Wednesday, 9 March 2011

Security Groups & Amazon Web Services (AWS)

It's funny.  Been playing with amazon web services quite a bit over the past few weeks and didn't give much attention to security groups.  It's only now, after this past weekend have I developed a strong appreciation and respect for them.  Some background:

The way amazon operates is quite interesting.  All instances get a dynamic internal IP.  That IP stays for the duration of that machine being on.  If you restart, the IP changes.  Now, you can pay for an elastic IP which maps to the instance ... and that never changes.  But it's mapped.  The instance never really knows anything about it.  It always has this internal IP .... 10.10.10.10 one day, reboot, 10.20.10.20 the next ....

Now, security groups.  It's one big glorified access list.  You have to specify which security group your instance belongs to.  Fair enough.  By default, it's deny all.  You can start opening things up, saying that 0.0.0.0/0 can access your instance on TCP/80.  That means the world can get to that instance on port 80.

With me so far?

So what if you wanted to deploy a multi-tier LAMP application to AWS:

2 x web server
2 x application server
2 x mysql ....

How would the security groups look then?

security group 1:  web servers
security group 2:  application servers
security group 3:  database servers

Simple!  You then configure your access lists ... right?  Sort of.  If you want to do it properly, you define that only TCP/80 & TCP/443 are open to 0.0.0.0/0 for security group 1.  

Security group 1 should have access to security group 2 on some ports .. like 8080 or 80 or 8443 ....
Security group 2 should have access to security group 3 on some ports ... like 3306 (mysql)

Normal instinct would say, let's put in the IP's of each machine ( 10.20.10.20/32 and 10.10.10.10/32) for example ... well ... in the AWS world, this isn't correct.  When you restart your machine, the IP will change and your rules will not be valid.

Now unfortunately, the way to get around this is not available through the AWS management console.  The only way I've found so far (limited amount of looking) is to download the ec2 client tools, generate an X509 key pair, and use the tools:

ec2-authorize us-app -P tcp -p 8080 -o us-www

What this does, is says that the security group "us-app" allows the origin "us-www" on TCP/8080

You are defining the policies with other groups.  This is great because you can then add new instances into whatever group you want, or restart an instance, and the policies will still be valid.
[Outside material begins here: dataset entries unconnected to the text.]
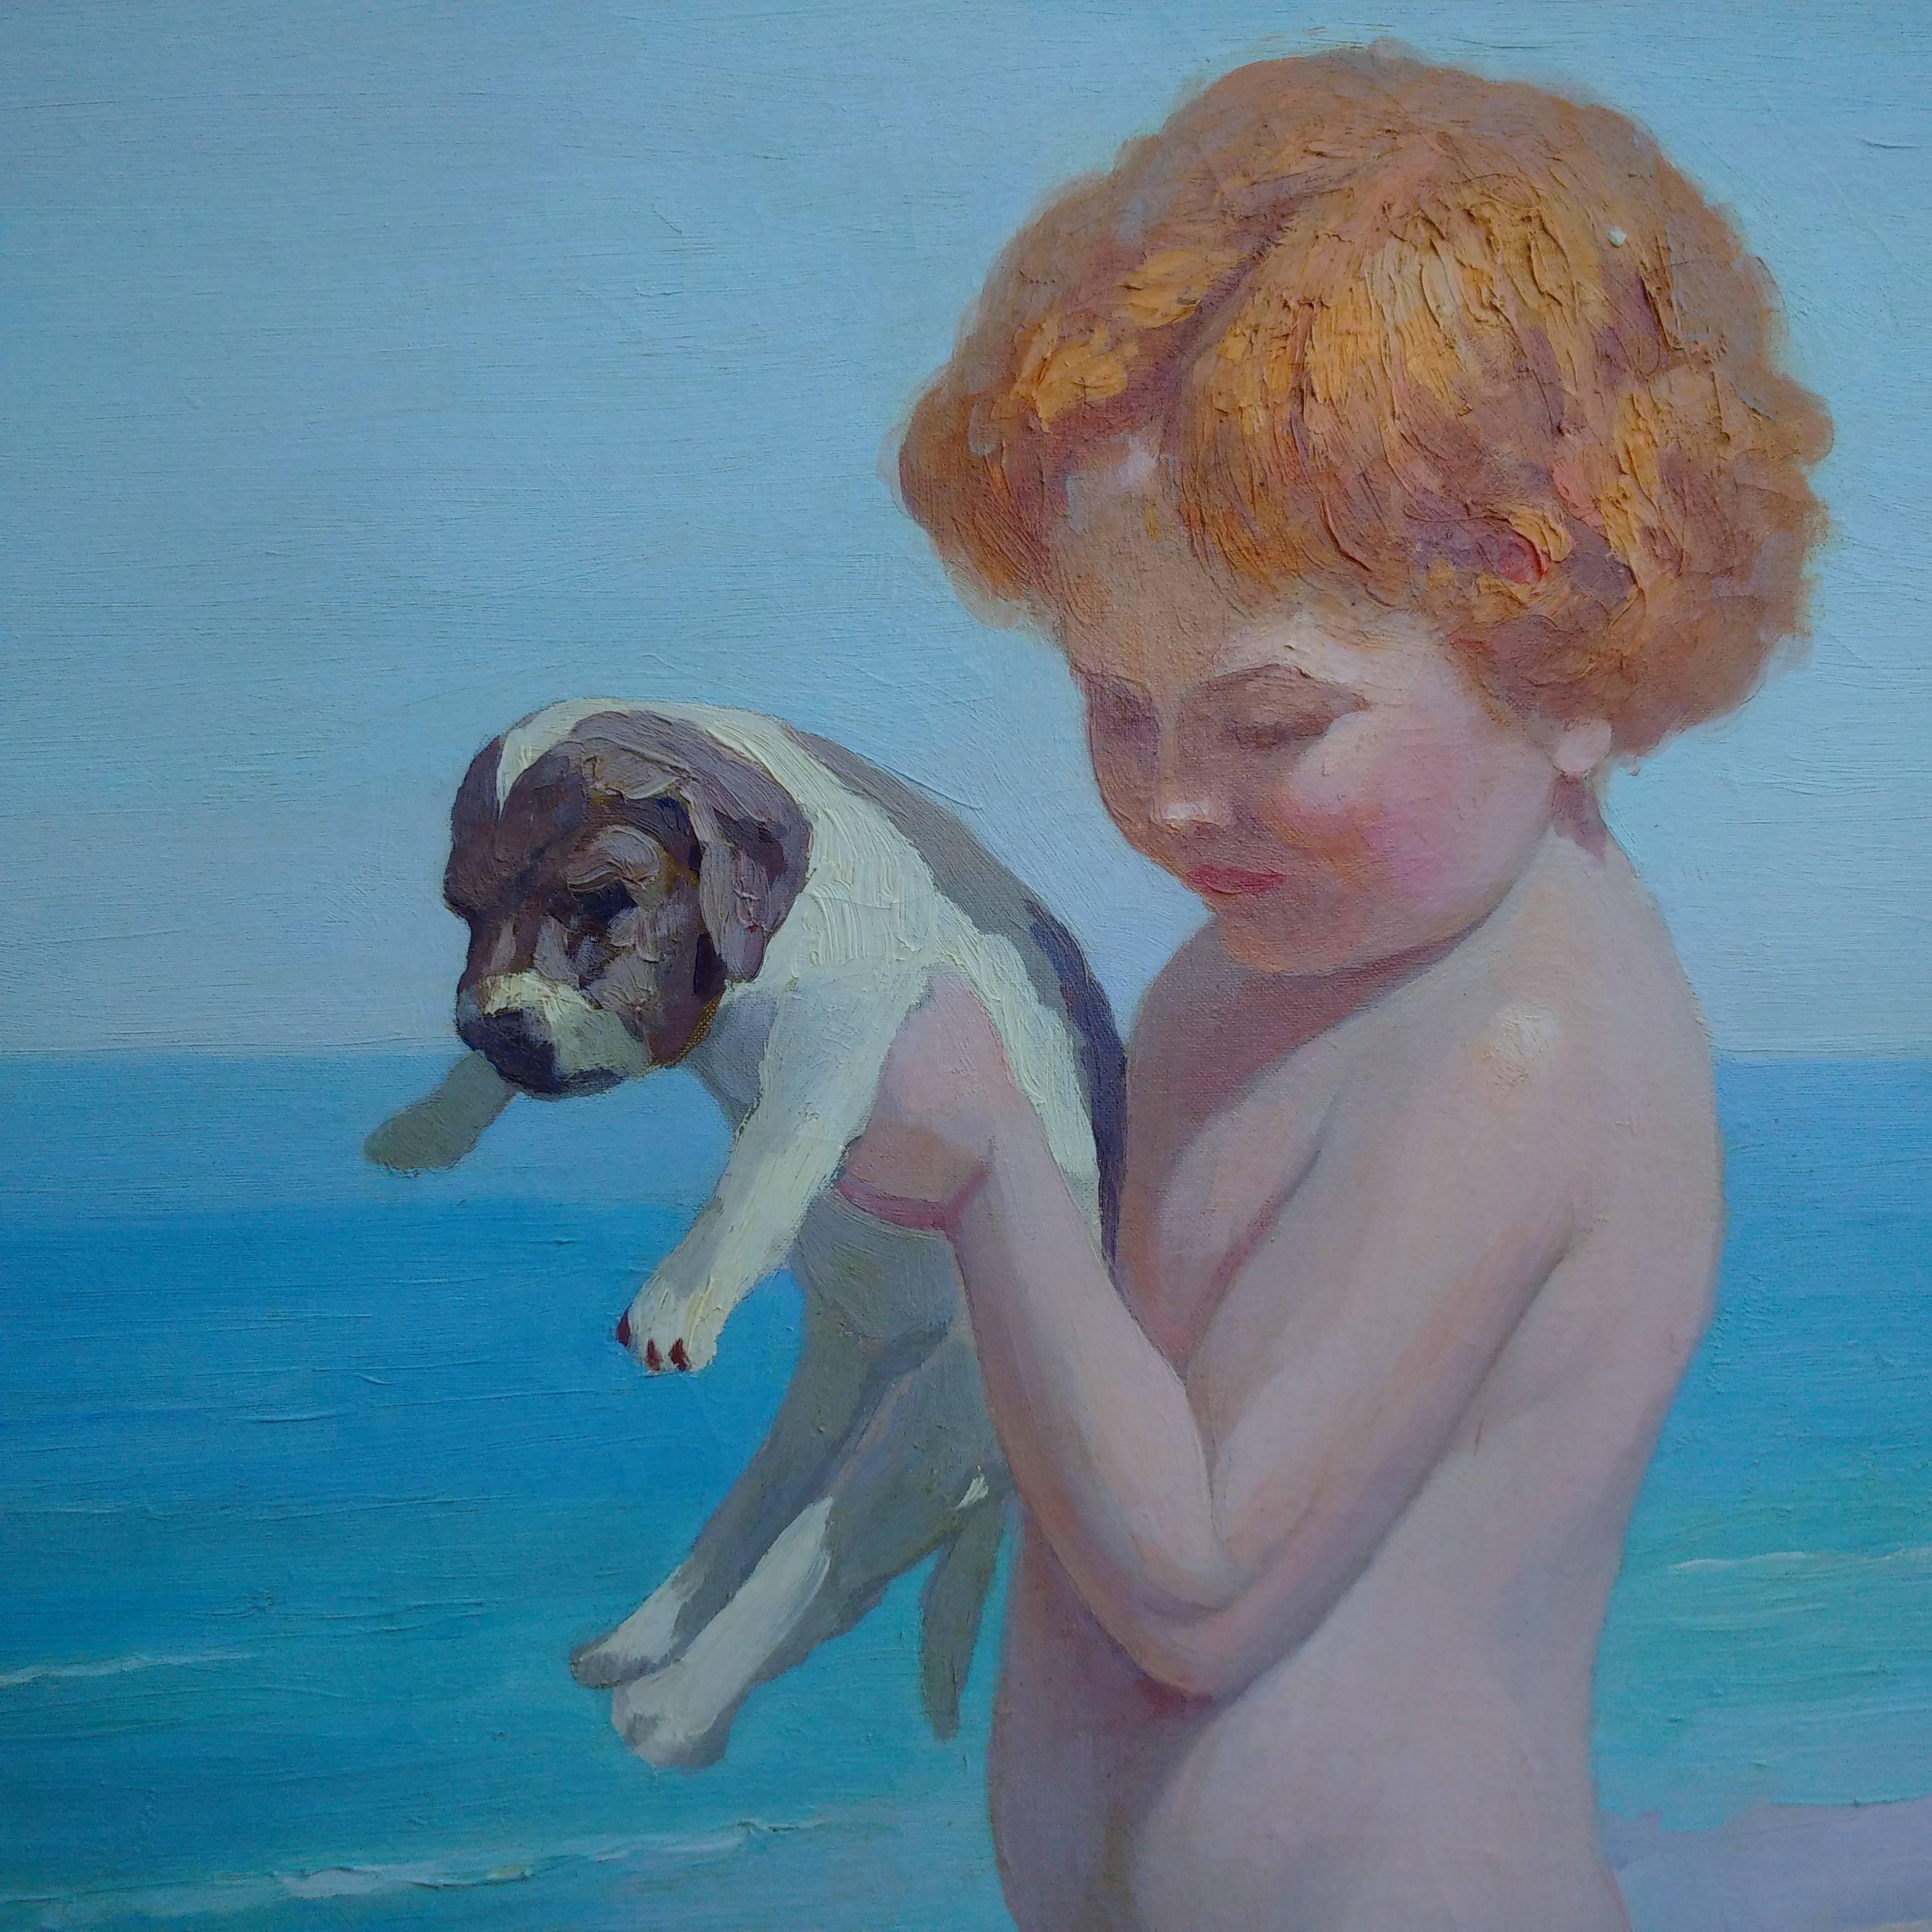 Child and Baby Dogs on the Beach by Nicolas-Saleem Macsoud - Painting by Nicholas Saleem Macsoud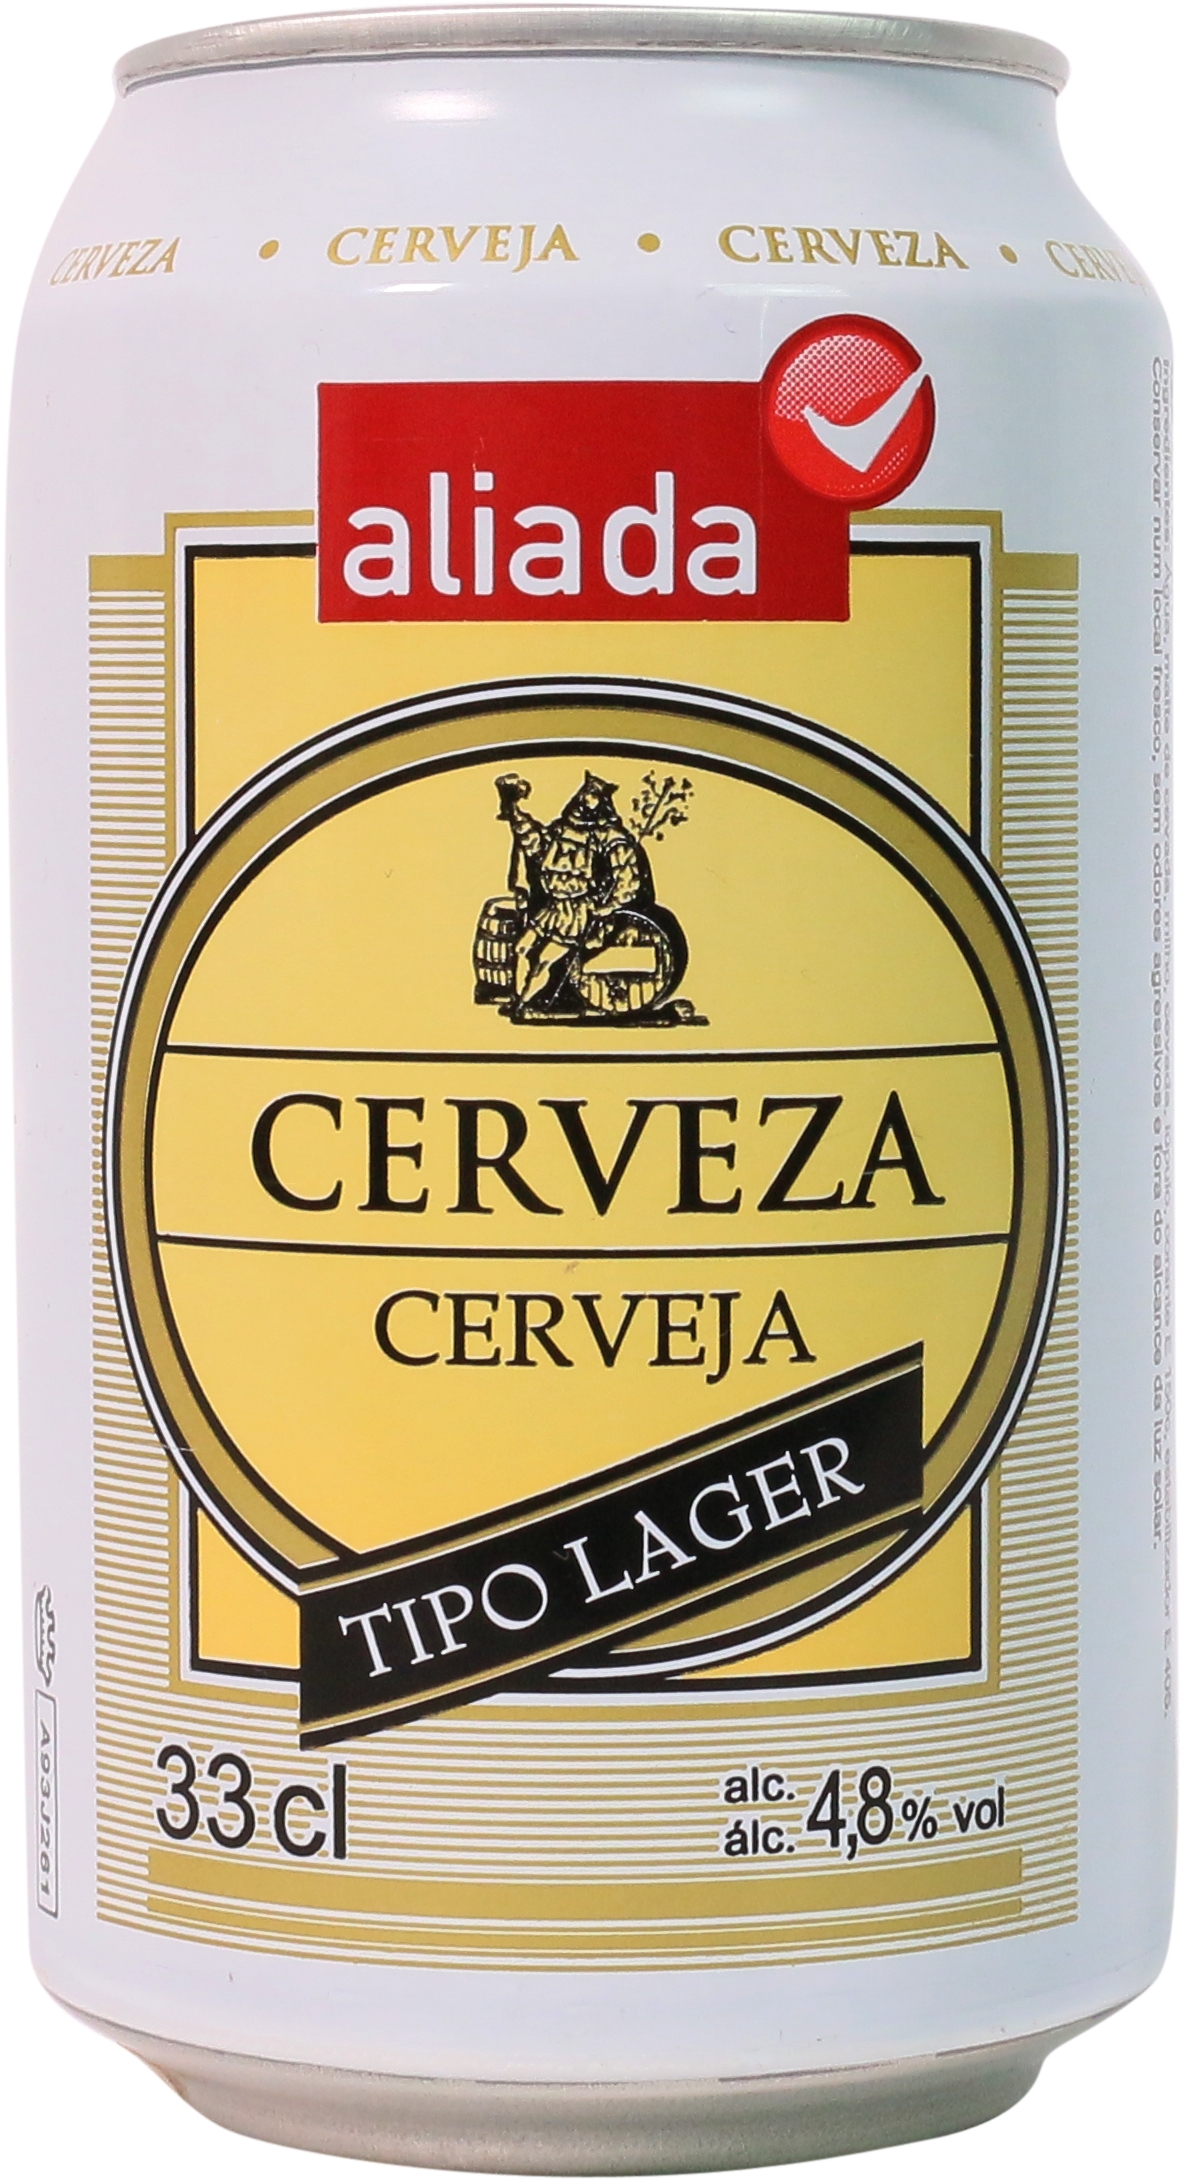 CERVEZA TIPO LAGER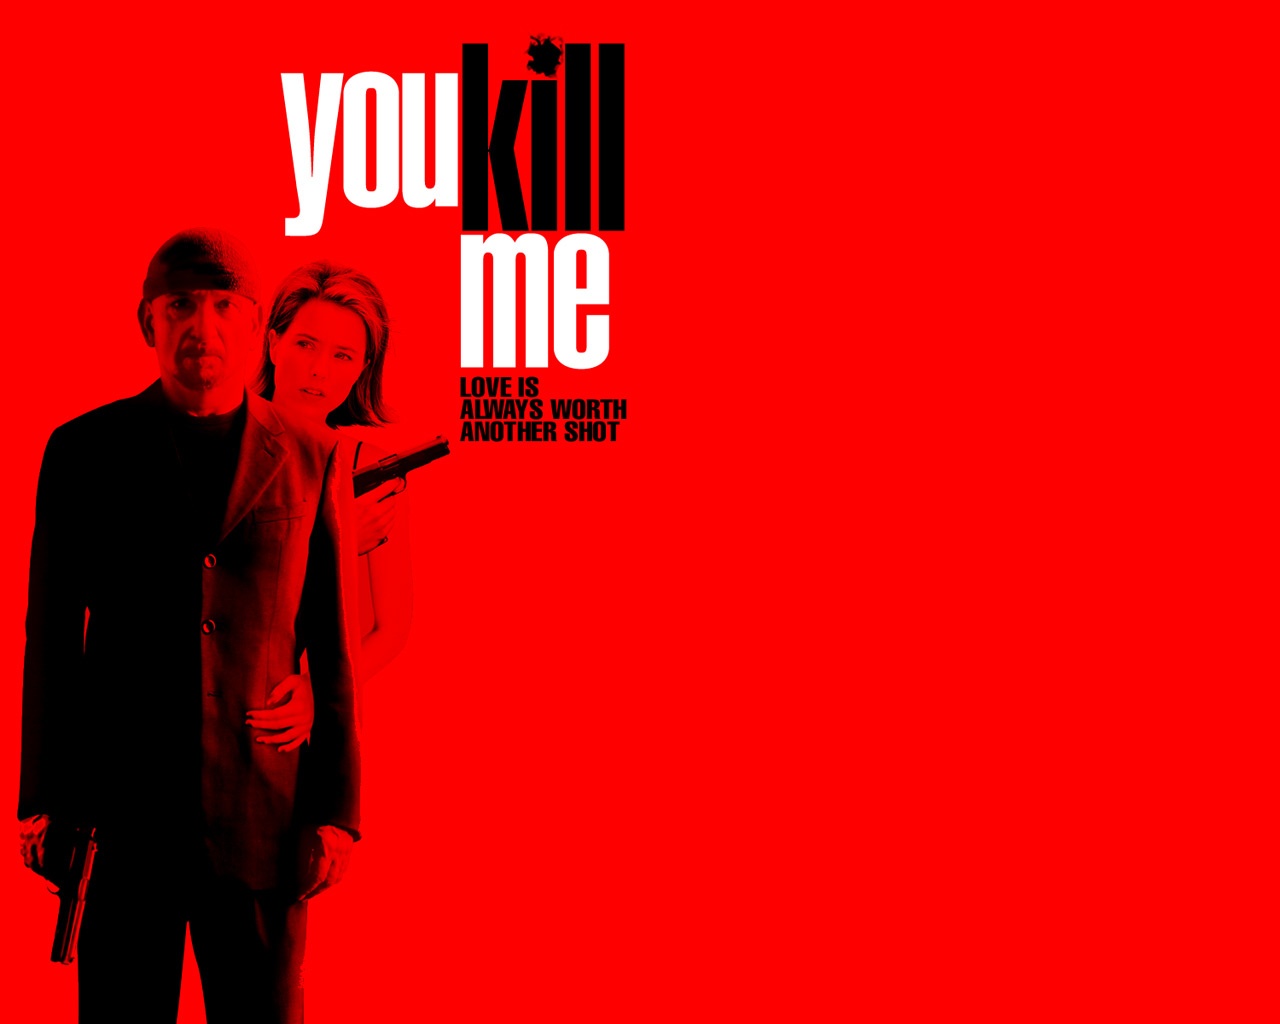 you and me wallpaper,red,font,text,album cover,brand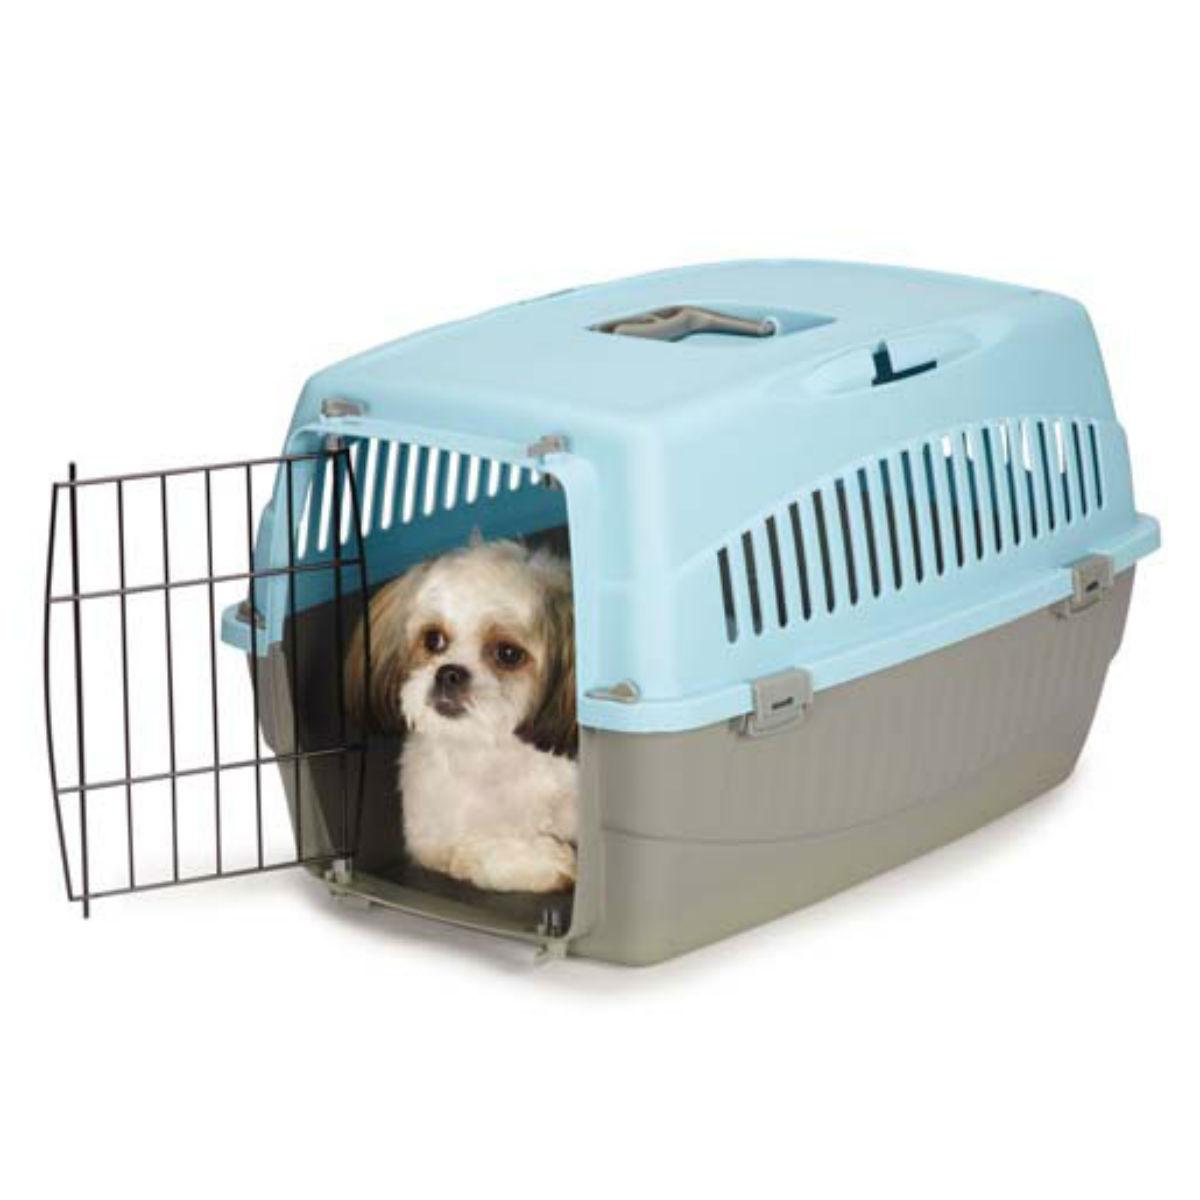 Cruising Companion Carry-Me Dog Crate - Bluebell

Hopefully this is of use to someone one day.  I'm glad I've stumbled upon it now after some small pain points and not later when the pain points would be much higher ....!

-sd

1 comment:

Marcus said...

One definite pain point with security groups is that you can't change an instance's group membership after it's created. Say you put a server in the www group, but decided later you also wanted to run mysql on it, you can't add it to the mysql group afterwards.